**BRIEF**
Where a picture appears in the data below, exclude it; restate everything else word for word.

**DATA SEGMENT**
= = = = =

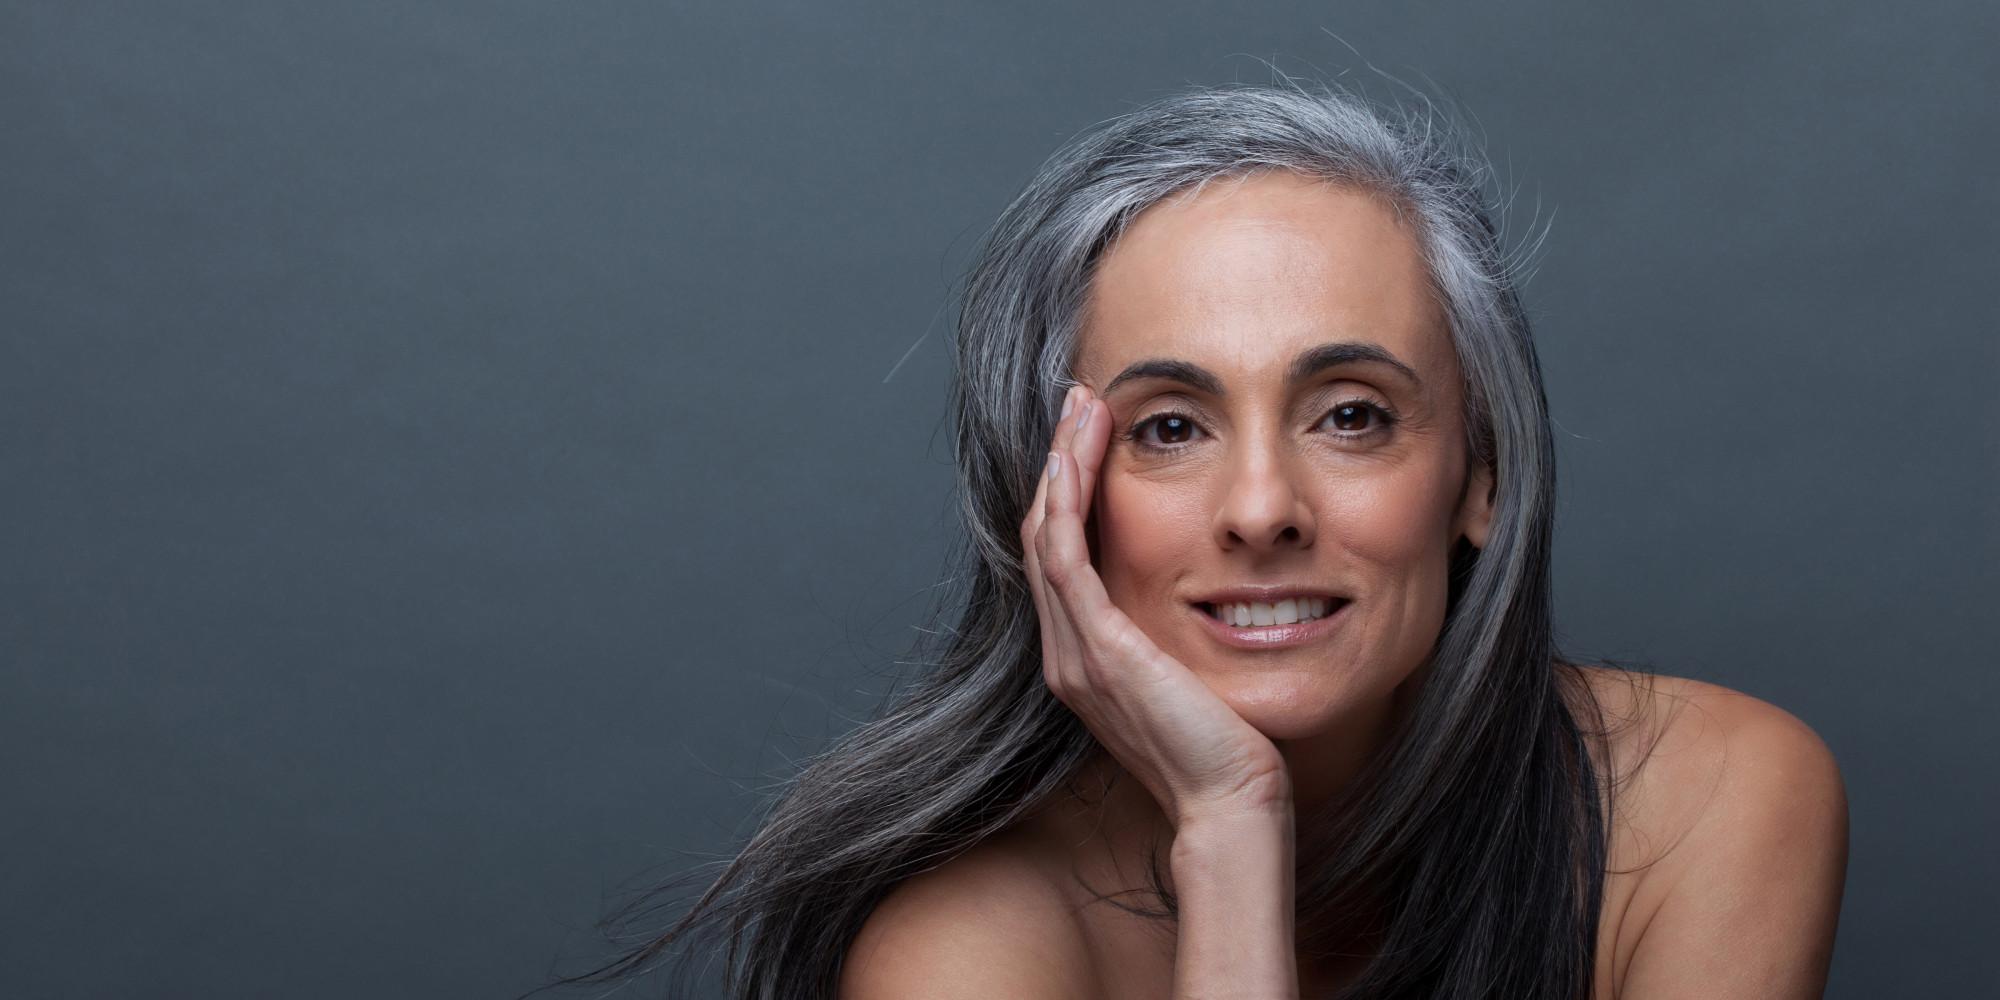 What Age Should I Stop Hrt Or Estrogen-5077
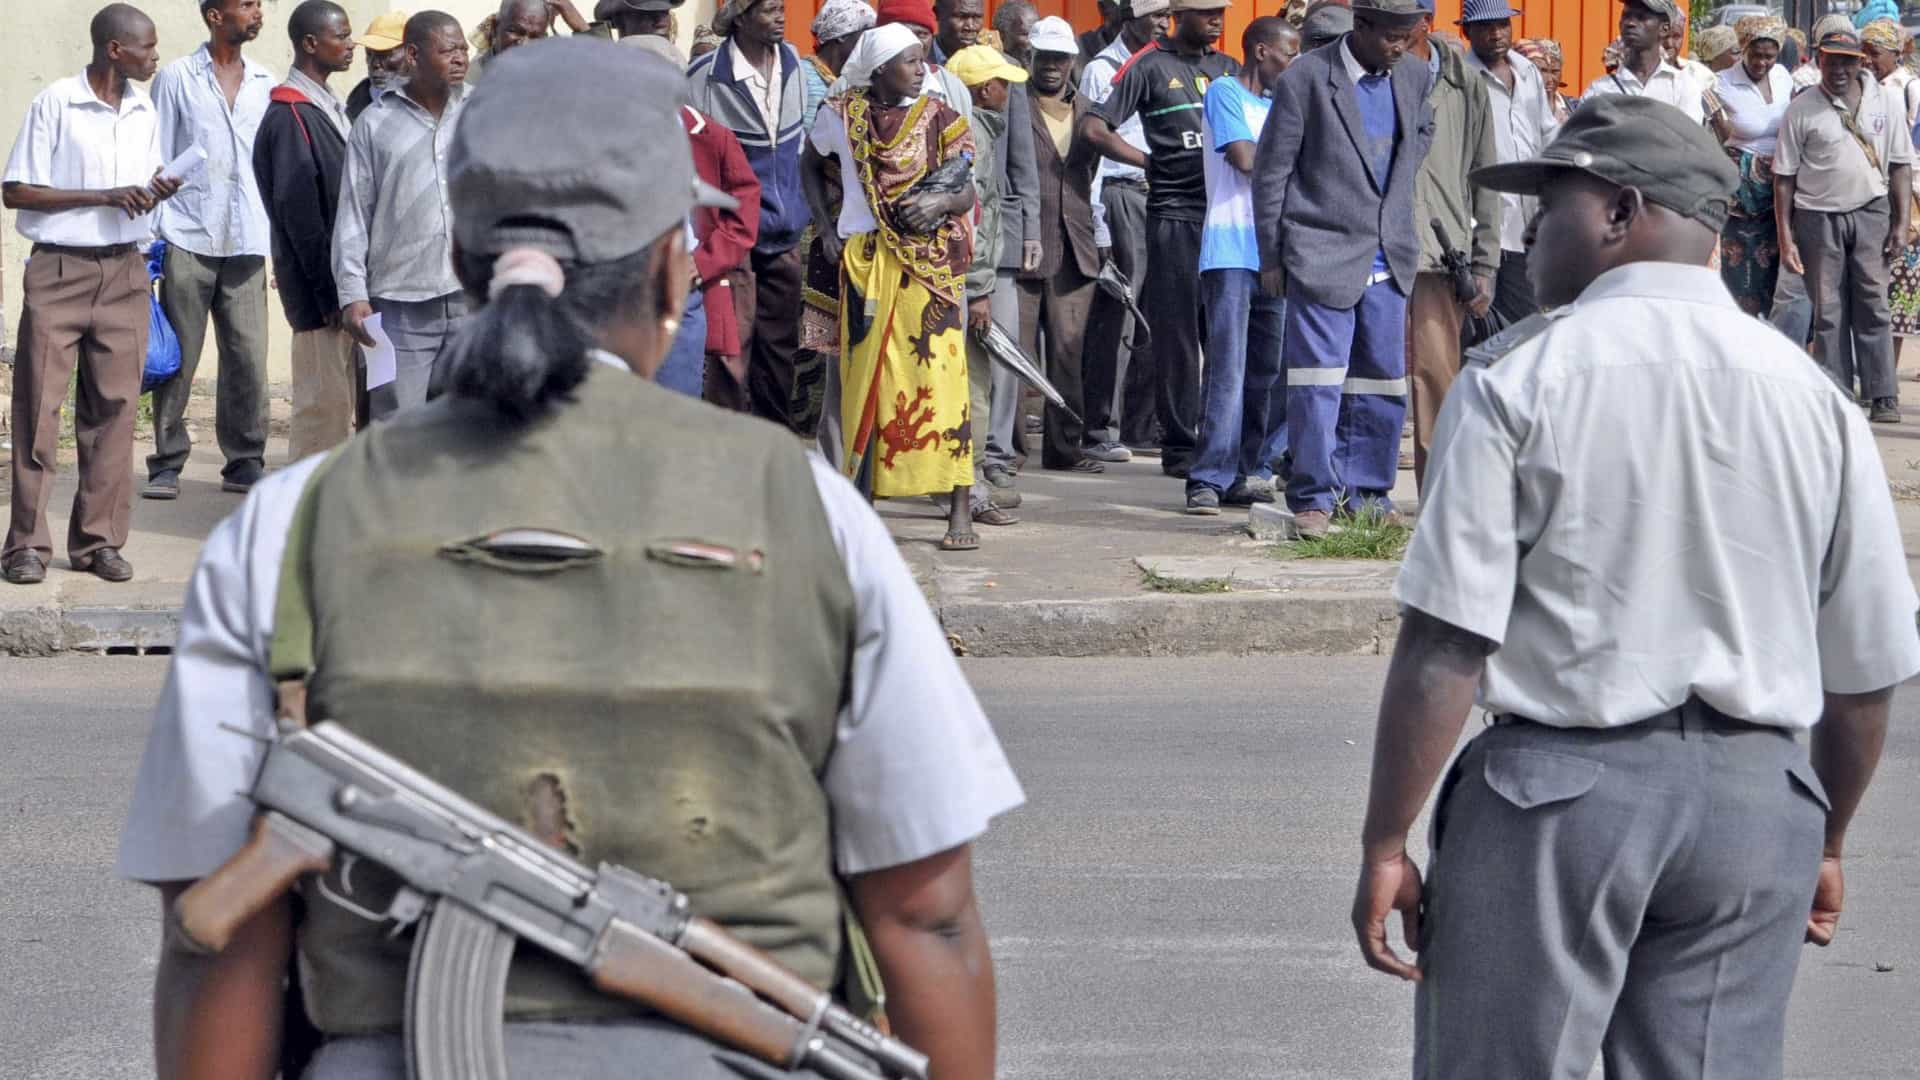 Polícia moçambicana detém mãe que envenenou filha após promover abusos
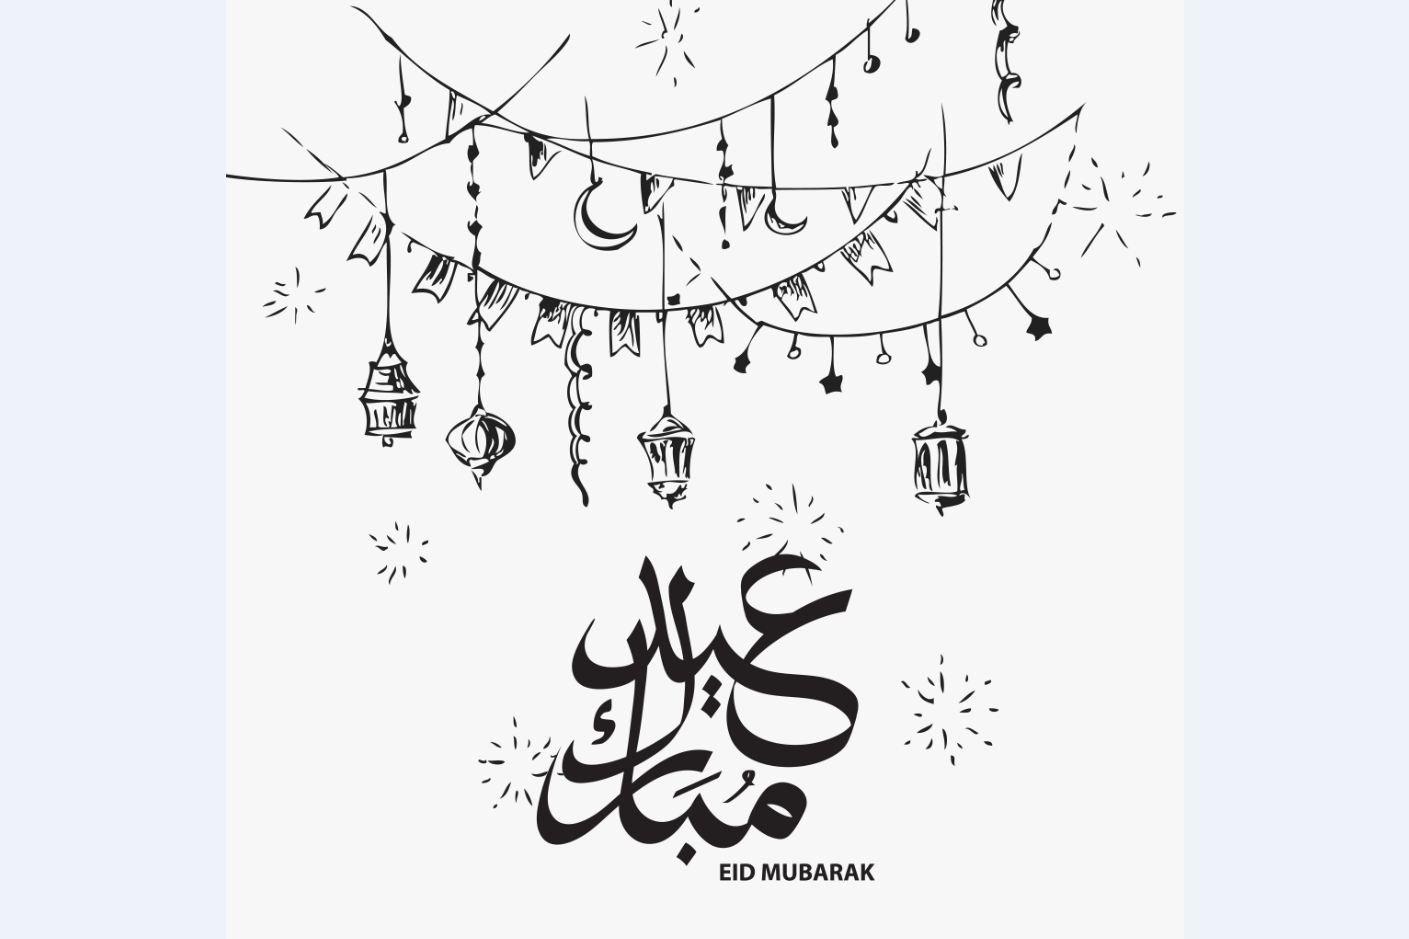 Eid Mubarak Photos Graphics Fonts Themes Templates Creative Market
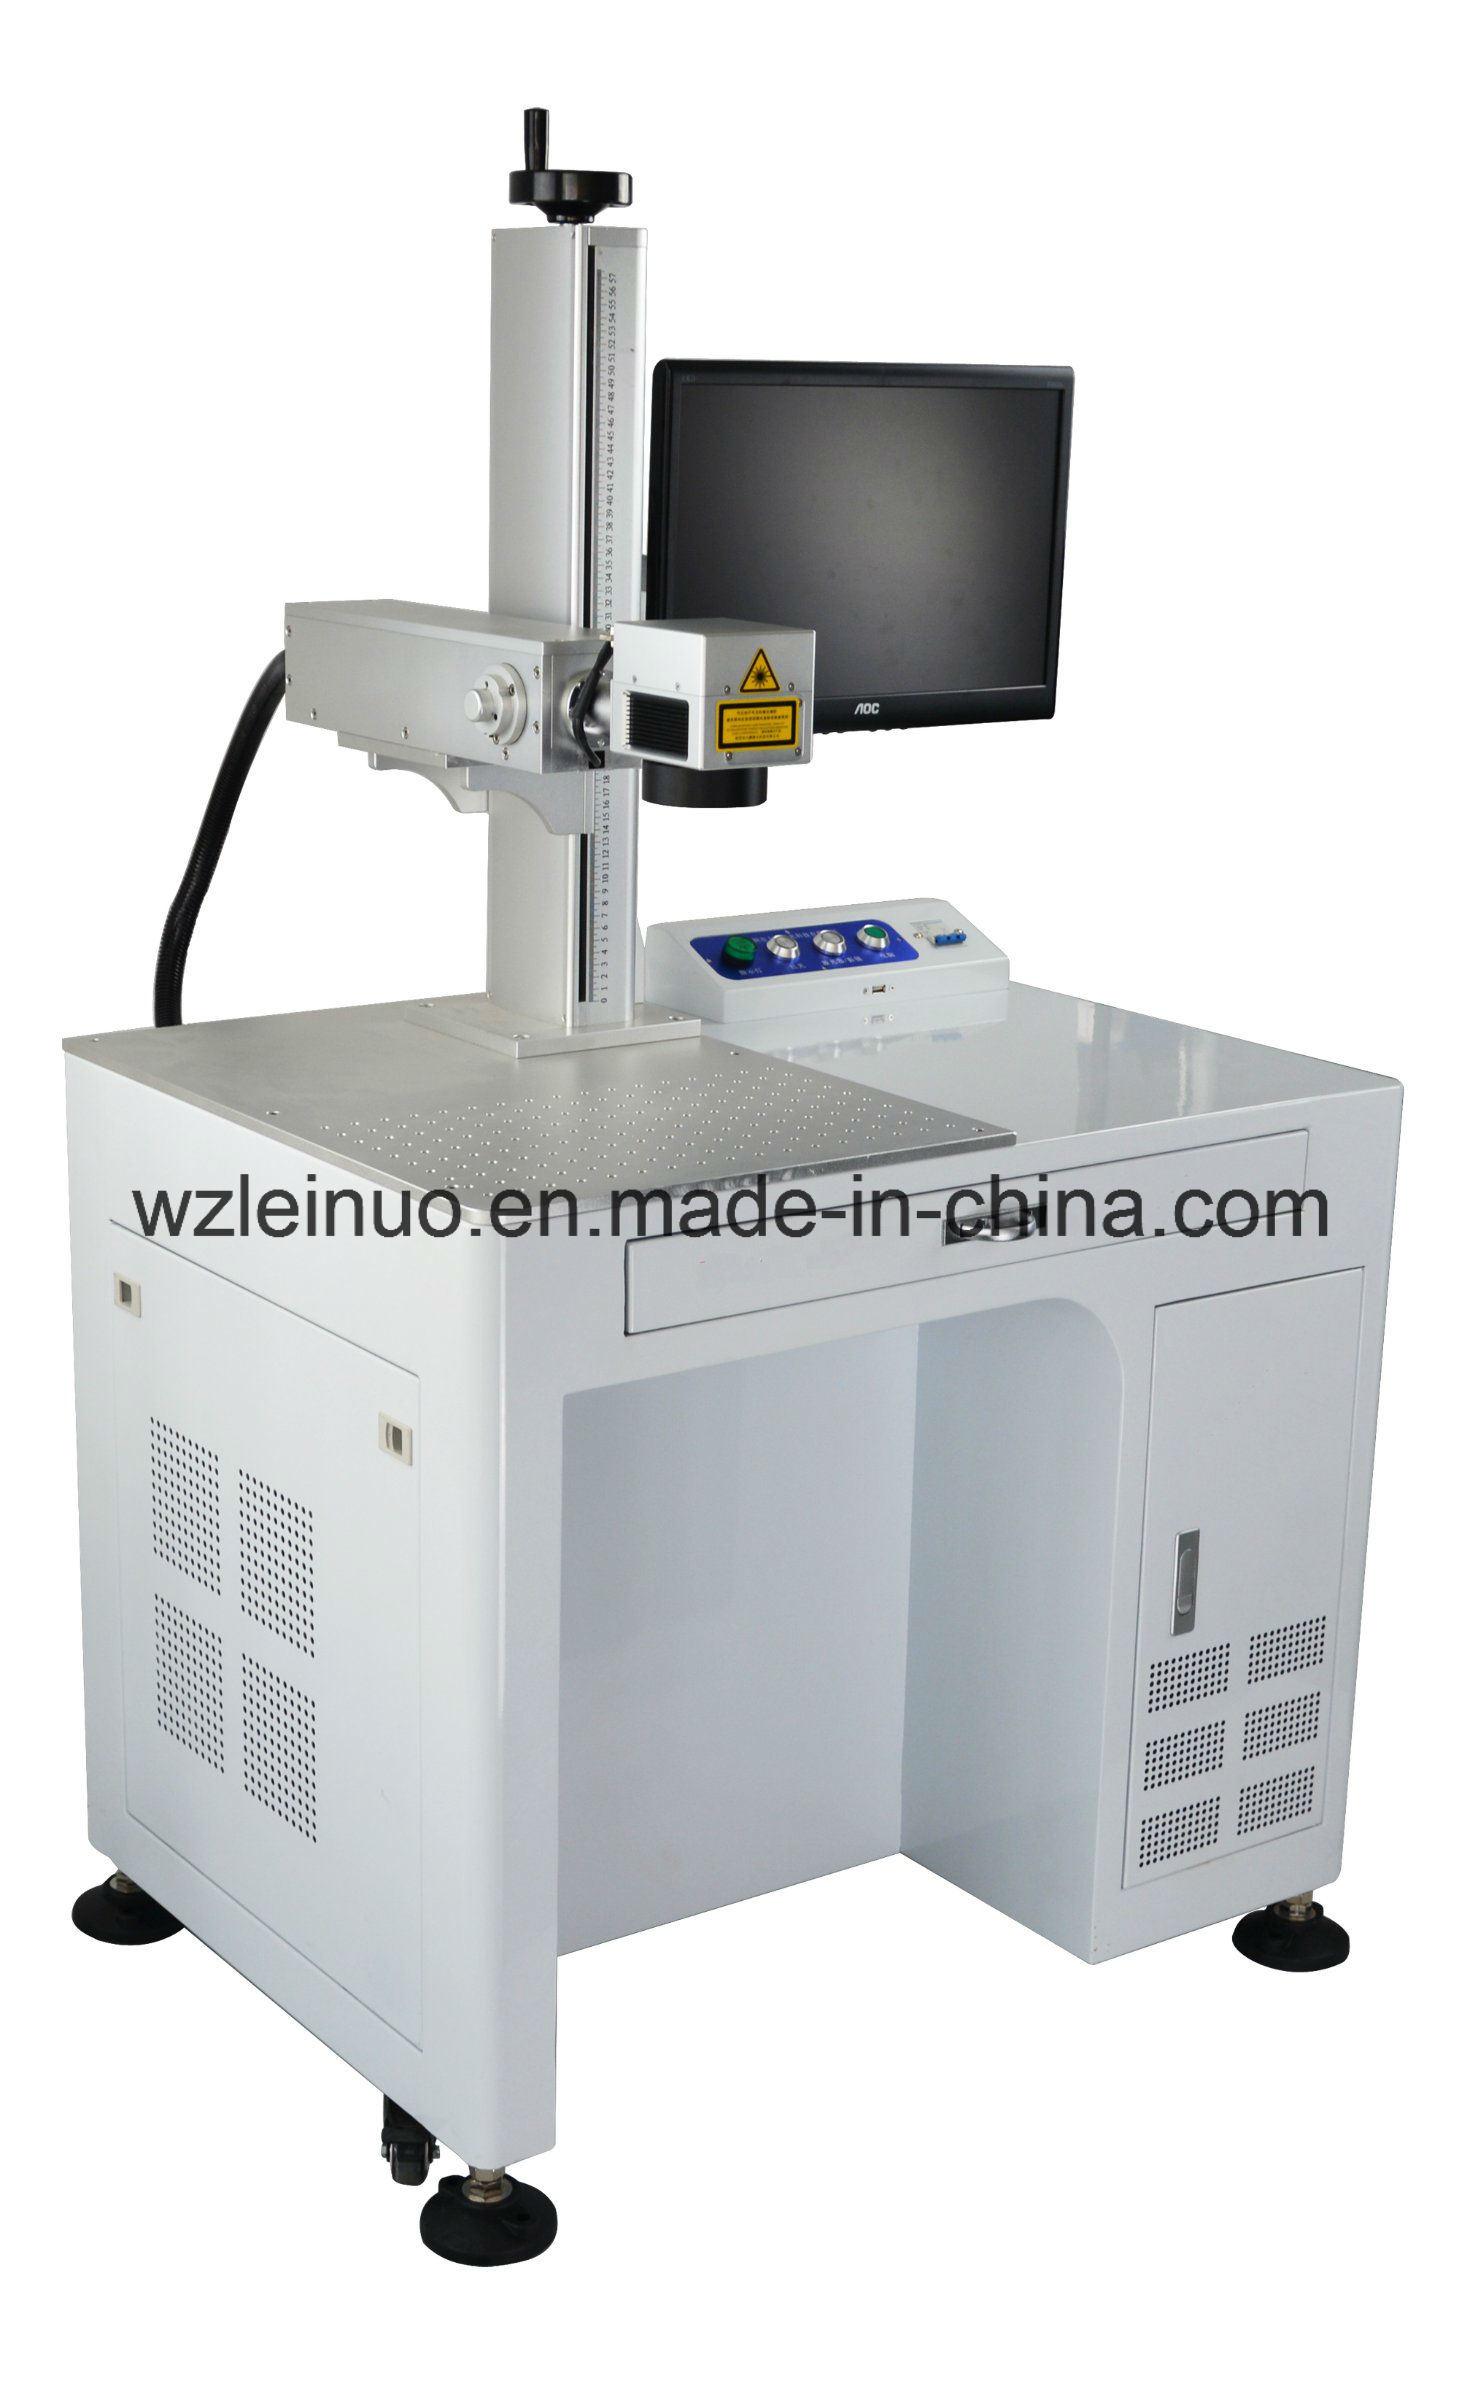 30W Optical Fiber Laser Marking Machine for Package

= = = = =

**TASK RESULT**
 What Age Should I Stop Hrt Or Estrogen-5077
 Polícia moçambicana detém mãe que envenenou filha após promover abusos
 Eid Mubarak Photos Graphics Fonts Themes Templates Creative Market
 30W Optical Fiber Laser Marking Machine for Package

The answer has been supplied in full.